I hope someone can give me a simple explanation as to what qualifies the (2) in (b) to be eliminated.

Code: Select all

 *--------------------------------------------------------------------*
 | 3      9      57     | 4      28     258    | 6      178    18     |
 | 1      4      57     | 358    36     568    | 2      789    89     |
 | 8      26     26     | 9      7      1      | 34     5      34     |
 |----------------------+----------------------+----------------------|
 | 2479   38c    1      | 6      28c     45    | 34579  239a   23459b |
 | 247    5      38     | 278    9      248    | 1347   6      1234   |
 | 24679  267    246    | 57     1      3      | 8      29c    2459   |
 |----------------------+----------------------+----------------------|
 | 24     1      2348   | 238    5      7      | 39     2389   6      |
 | 257    2378   9      | 1238   36     268    | 135    4      12358  |
 | 256    2368   2368   | 1238   4      9      | 135    1238   7      |
 *--------------------------------------------------------------------*


Here's a graphic way to reveal any aligned pair exclusion, but esp ones with triples. It's easier than it reads!

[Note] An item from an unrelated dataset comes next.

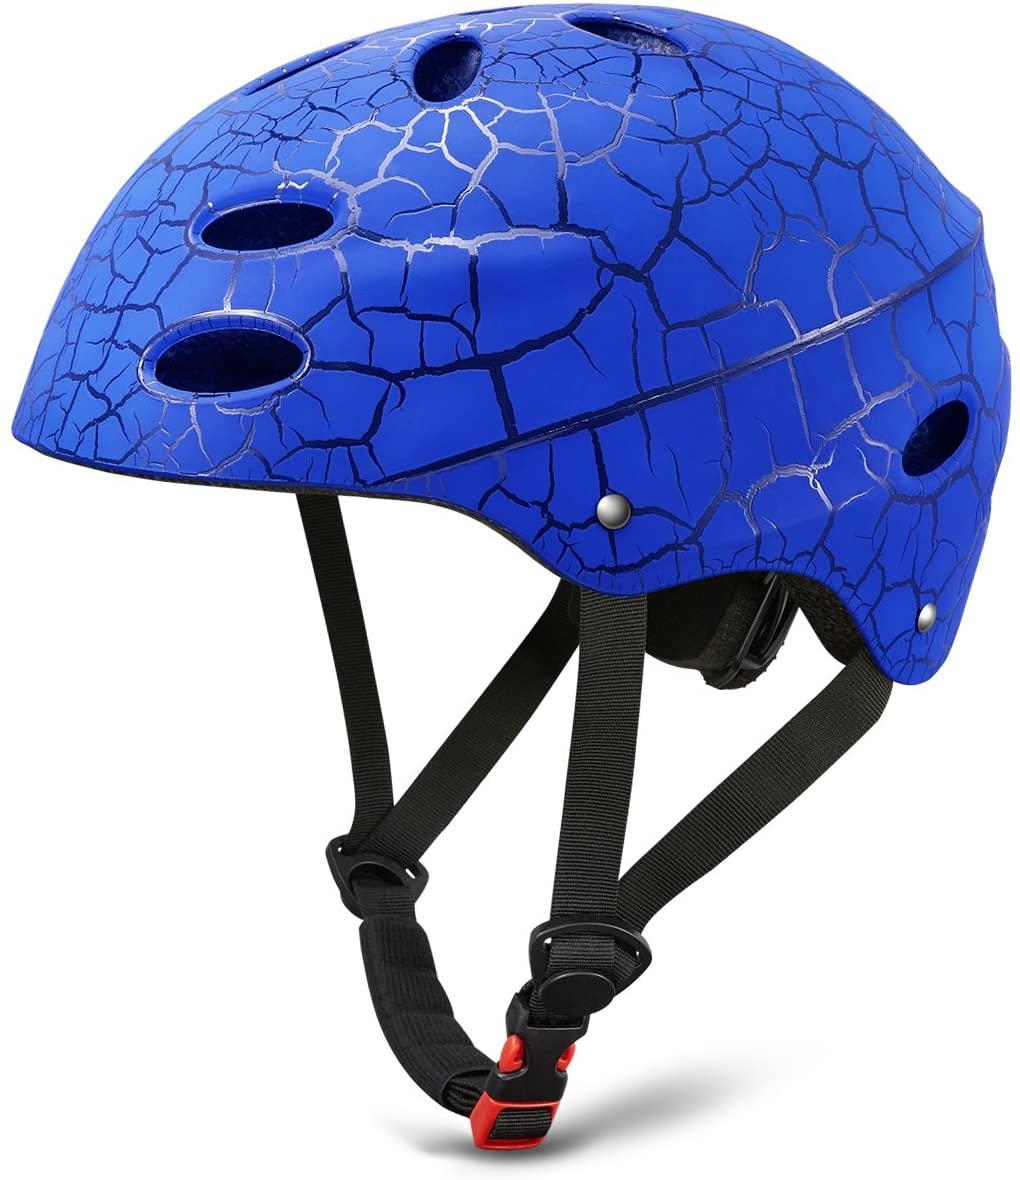 KUSTAR Kids Skateboard Helmet,Adjustable Bike Helmet, Skate Helmet for Safety Cycling/Skating/Scooter/Inline Skating, CPSC Certified for Youth/Teens Boys Girls

The candidates in the cells under consideration (a and b) contain 239 and 23459 respectively. If you write down the possibilities for the two cells you'd end up with this:

Code: Select all

a = 239
b = 23459

23  32  92
24  34  93
25  35  94
29  39  95

One of the cells you've designated "c" contains <29> and it can see both of the cells under consideration (<29> becomes an "aligned pair.") This means you can eliminate <29> (and <92>) because you can't have 3 cells with only 2 candidates. Your possibilities are now these:

Code: Select all

a = 239
b = 23459

23  32  X
24  34  93
25  35  94
X   39  95

Now, examine any triple (2 cells w/a total of 3 candidates between them) that can see both cells under consideration. The cells in row 4 designated "c" form a triple with <38> and <28>. The only possible combinations for these cells are <32>, <38> and <82>. This means you can eliminate <32> (and of course <23>) because you can't have 4 cells with only 3 candidates. Your possibilities are now these:

Code: Select all

a = 239
b = 23459

X   X   X
24  34  93
25  35  94
X   39  95

Now there remains no combination with <2> as the second candidate, so it can be excluded from r4c9. The "aligned pairs" have forced an "exclusion."

I like this process for APE's because it's immediately obvious when an elimination becomes available. Go APE!

[Jasper32]

Thanks to all of you who replied to my post. It was sure helpful and appreciated.